Example rule (pseudo-Spectral):
rules:
pagination-format:
description: "All list endpoints must use cursor-based pagination"
given: "$.paths[*][get].parameters"
then:
function: pattern
functionOptions:
match: "cursor"
This turns “guidelines” into something that blocks a PR.
Shared libraries (with caution)
Provide SDKs or internal libraries for:
- pagination helpers
- error formatting
- response envelopes
Example (Node.js/TypeScript):
export function paginatedResponse(data, nextCursor) {
return {
data,
page: {
next_cursor: nextCursor,
has_more: !!nextCursor,
},
};
}
This reduces divergence, but it can also become a bottleneck if the library is hard to evolve.
Use it to enforce patterns, not to hide everything behind abstractions.
API review as a gate
For externally exposed APIs, treat changes like schema migrations.
Have a lightweight review checklist:
- Does this follow existing patterns?
- Is naming consistent with similar resources?
- Are errors structured correctly?
This doesn’t need a committee. It needs discipline.
Be careful with backward compatibility
Fixing inconsistency in a live API is where things get tricky.
You can’t just “clean things up” if clients depend on the current behavior.
Options:
- Introduce consistency in new endpoints only
- Add new fields while keeping old ones (then deprecate)
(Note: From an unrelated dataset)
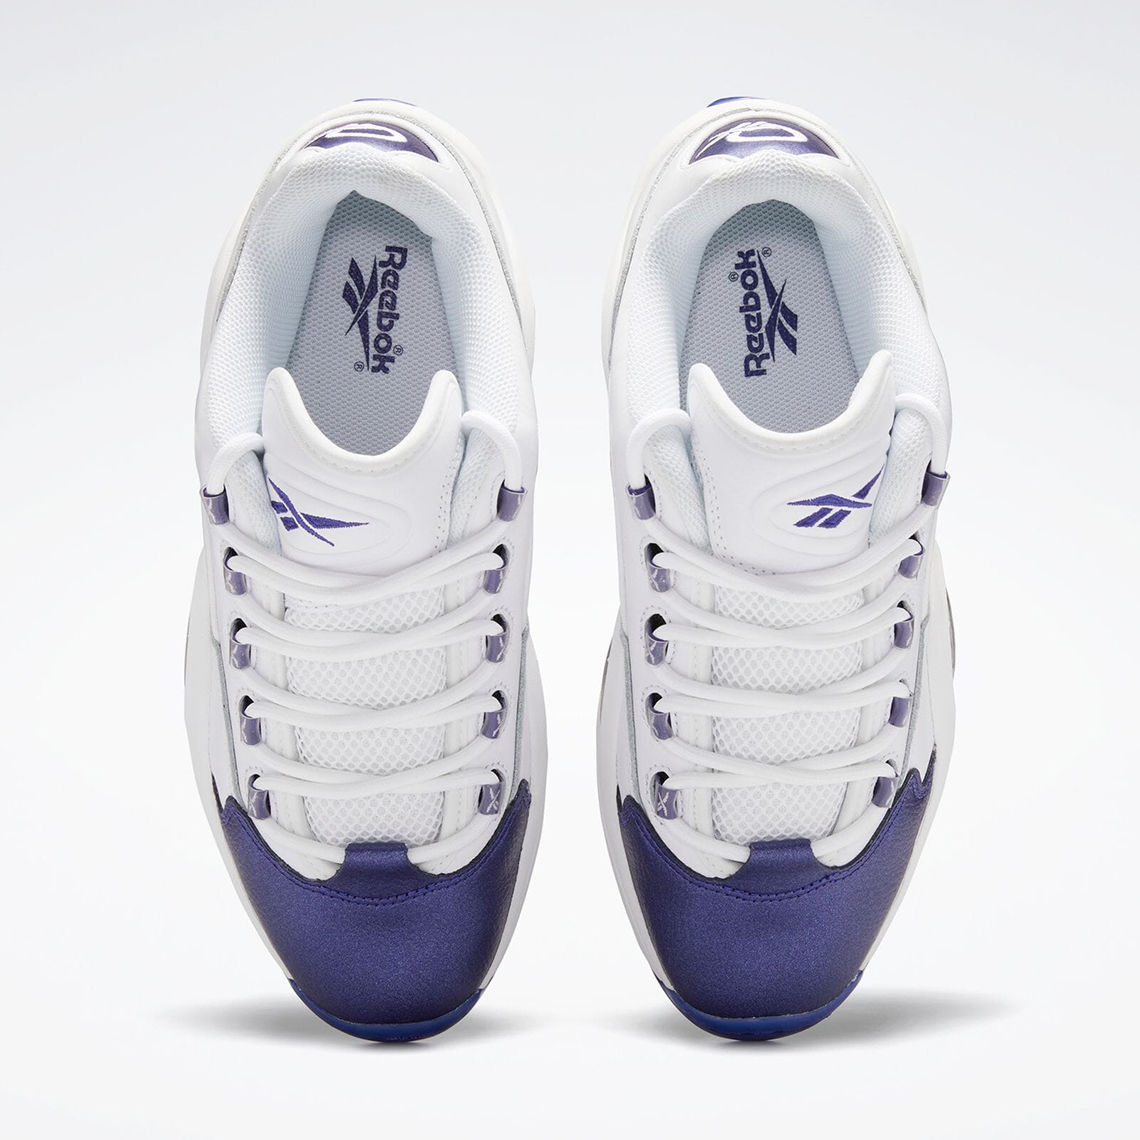 Skechers talla 36.5 Purple Toe Gy4577 Release Date 1

- Version the API if changes are breaking
Example:
{
"user_id": "123",
"userId": "123" // temporary duplication during migration
}
It’s not pretty, but it avoids breaking consumers.
The key is to stop the bleeding first. Then gradually fix what already exists.
The tradeoff: consistency vs flexibility
Strict consistency has downsides:
- Slower development when patterns don’t fit perfectly
- Friction for teams with unique domain needs
- Occasional over-generalization
But inconsistency is worse:
- every integration becomes bespoke
- shared tooling becomes harder to build
- cognitive load increases across the board
Consistency is a force multiplier. It makes everything built on top of your API easier.
What to do differently this week
Pick three cross-cutting concerns in your API:
- pagination
- error handling
- naming conventions
Write down the exact rules for each—no ambiguity.
Then enforce one of them automatically (linting, shared helper, or review gate).
You don’t fix inconsistency by documenting more. You fix it by removing choice where it doesn’t add value.